**What the task asks**
All lines holding the string "Leather" should be copied from the data below.
────────────────────────────────────────
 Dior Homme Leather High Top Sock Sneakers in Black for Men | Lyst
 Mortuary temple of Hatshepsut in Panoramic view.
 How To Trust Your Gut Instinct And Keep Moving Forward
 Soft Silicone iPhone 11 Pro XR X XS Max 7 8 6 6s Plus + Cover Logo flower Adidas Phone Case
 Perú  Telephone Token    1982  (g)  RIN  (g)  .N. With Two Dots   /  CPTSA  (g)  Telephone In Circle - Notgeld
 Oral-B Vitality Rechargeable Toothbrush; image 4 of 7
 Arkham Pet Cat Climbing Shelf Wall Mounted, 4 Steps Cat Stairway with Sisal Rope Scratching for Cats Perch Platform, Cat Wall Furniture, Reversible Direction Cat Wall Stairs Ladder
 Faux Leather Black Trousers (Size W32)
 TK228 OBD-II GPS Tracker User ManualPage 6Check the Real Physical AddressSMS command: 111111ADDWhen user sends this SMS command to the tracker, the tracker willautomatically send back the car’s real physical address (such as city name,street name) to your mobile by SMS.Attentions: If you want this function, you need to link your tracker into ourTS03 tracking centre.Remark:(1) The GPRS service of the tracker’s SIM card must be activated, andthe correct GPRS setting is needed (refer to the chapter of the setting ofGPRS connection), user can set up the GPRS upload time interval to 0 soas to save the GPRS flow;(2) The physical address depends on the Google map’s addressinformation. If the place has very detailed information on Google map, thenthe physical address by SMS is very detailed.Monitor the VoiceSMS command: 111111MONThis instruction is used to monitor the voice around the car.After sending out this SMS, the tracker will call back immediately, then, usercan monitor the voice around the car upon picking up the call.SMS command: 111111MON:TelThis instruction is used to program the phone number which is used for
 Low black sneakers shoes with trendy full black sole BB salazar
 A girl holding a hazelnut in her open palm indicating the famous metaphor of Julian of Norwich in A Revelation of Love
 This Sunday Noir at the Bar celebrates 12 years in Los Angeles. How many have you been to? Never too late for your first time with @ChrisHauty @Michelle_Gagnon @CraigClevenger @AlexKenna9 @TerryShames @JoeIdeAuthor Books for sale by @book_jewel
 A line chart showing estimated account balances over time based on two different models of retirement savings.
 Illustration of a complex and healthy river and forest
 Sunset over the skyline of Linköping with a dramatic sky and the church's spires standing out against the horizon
────────────────────────────────────────
**Answer space**
 Dior Homme Leather High Top Sock Sneakers in Black for Men | Lyst
 Faux Leather Black Trousers (Size W32)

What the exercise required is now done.